● **Assignment**: Write out, from the entries below, exactly the lines that run between the lines holding "[Infographics] 24 tinh, thanh" and "Ylioppilasjuhlien sinivalkoinen kukkakimppu", inclusive, and stop there.

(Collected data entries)
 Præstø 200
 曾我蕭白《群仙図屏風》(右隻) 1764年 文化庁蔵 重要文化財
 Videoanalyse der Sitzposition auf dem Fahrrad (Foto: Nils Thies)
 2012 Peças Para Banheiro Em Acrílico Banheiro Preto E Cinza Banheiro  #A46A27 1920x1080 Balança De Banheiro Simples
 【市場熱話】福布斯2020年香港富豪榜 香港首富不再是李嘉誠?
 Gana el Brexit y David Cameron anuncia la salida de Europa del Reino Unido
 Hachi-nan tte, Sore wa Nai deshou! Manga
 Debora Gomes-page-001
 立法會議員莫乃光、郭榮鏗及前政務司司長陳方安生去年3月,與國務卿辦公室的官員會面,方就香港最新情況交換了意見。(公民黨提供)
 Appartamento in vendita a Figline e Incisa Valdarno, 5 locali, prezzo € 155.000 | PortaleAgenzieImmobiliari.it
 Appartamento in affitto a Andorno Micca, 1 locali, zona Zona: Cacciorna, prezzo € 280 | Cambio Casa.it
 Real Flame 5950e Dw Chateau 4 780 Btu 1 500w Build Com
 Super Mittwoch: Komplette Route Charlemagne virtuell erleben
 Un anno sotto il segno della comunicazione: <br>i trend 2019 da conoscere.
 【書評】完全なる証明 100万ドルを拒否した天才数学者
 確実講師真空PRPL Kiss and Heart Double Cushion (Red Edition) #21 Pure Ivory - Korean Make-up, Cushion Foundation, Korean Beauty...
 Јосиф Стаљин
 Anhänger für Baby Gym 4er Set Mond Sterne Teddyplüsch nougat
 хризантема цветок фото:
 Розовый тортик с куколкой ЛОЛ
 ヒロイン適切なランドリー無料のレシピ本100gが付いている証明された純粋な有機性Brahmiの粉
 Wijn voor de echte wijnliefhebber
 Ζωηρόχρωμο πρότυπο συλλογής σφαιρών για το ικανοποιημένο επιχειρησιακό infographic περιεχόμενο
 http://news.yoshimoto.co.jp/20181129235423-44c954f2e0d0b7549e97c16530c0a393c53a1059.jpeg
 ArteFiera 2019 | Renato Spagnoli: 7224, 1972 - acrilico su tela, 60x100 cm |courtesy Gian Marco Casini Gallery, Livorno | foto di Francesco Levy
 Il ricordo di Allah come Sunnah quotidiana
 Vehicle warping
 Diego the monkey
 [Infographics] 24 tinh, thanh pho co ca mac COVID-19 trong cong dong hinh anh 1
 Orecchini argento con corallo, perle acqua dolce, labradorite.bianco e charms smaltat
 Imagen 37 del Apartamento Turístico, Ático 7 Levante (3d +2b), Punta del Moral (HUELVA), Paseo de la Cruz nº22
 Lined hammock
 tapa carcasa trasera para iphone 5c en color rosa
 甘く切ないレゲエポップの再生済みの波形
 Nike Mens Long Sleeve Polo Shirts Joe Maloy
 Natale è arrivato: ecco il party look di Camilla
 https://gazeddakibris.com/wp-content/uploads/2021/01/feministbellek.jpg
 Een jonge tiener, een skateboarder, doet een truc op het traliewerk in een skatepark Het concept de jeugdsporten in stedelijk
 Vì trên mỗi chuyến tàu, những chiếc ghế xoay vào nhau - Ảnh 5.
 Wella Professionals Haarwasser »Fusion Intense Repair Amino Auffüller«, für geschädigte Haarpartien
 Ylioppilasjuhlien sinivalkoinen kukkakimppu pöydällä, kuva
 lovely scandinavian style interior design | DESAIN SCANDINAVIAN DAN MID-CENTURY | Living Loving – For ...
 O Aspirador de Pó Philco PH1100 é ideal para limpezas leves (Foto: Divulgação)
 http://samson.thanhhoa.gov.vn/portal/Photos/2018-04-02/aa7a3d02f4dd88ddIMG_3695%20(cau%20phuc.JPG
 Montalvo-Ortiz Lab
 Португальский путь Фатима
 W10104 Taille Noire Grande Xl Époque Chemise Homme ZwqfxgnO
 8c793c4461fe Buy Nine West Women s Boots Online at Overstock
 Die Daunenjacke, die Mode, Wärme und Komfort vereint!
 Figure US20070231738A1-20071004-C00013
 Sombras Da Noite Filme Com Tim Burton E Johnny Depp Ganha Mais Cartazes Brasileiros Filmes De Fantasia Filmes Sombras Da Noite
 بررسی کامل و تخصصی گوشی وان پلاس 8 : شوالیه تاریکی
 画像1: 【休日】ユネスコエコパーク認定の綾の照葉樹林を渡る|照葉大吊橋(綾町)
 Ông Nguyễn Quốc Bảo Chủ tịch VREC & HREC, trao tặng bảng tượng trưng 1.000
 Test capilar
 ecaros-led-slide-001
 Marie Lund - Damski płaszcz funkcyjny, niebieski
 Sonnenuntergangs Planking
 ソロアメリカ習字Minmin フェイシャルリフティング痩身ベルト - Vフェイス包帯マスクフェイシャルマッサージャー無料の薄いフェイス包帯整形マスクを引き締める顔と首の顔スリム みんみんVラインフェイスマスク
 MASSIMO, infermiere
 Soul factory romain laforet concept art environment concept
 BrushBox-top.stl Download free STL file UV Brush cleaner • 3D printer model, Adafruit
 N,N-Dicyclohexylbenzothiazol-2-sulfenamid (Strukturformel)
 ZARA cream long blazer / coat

● **Answer for this exercise**:
 [Infographics] 24 tinh, thanh pho co ca mac COVID-19 trong cong dong hinh anh 1
 Orecchini argento con corallo, perle acqua dolce, labradorite.bianco e charms smaltat
 Imagen 37 del Apartamento Turístico, Ático 7 Levante (3d +2b), Punta del Moral (HUELVA), Paseo de la Cruz nº22
 Lined hammock
 tapa carcasa trasera para iphone 5c en color rosa
 甘く切ないレゲエポップの再生済みの波形
 Nike Mens Long Sleeve Polo Shirts Joe Maloy
 Natale è arrivato: ecco il party look di Camilla
 https://gazeddakibris.com/wp-content/uploads/2021/01/feministbellek.jpg
 Een jonge tiener, een skateboarder, doet een truc op het traliewerk in een skatepark Het concept de jeugdsporten in stedelijk
 Vì trên mỗi chuyến tàu, những chiếc ghế xoay vào nhau - Ảnh 5.
 Wella Professionals Haarwasser »Fusion Intense Repair Amino Auffüller«, für geschädigte Haarpartien
 Ylioppilasjuhlien sinivalkoinen kukkakimppu pöydällä, kuva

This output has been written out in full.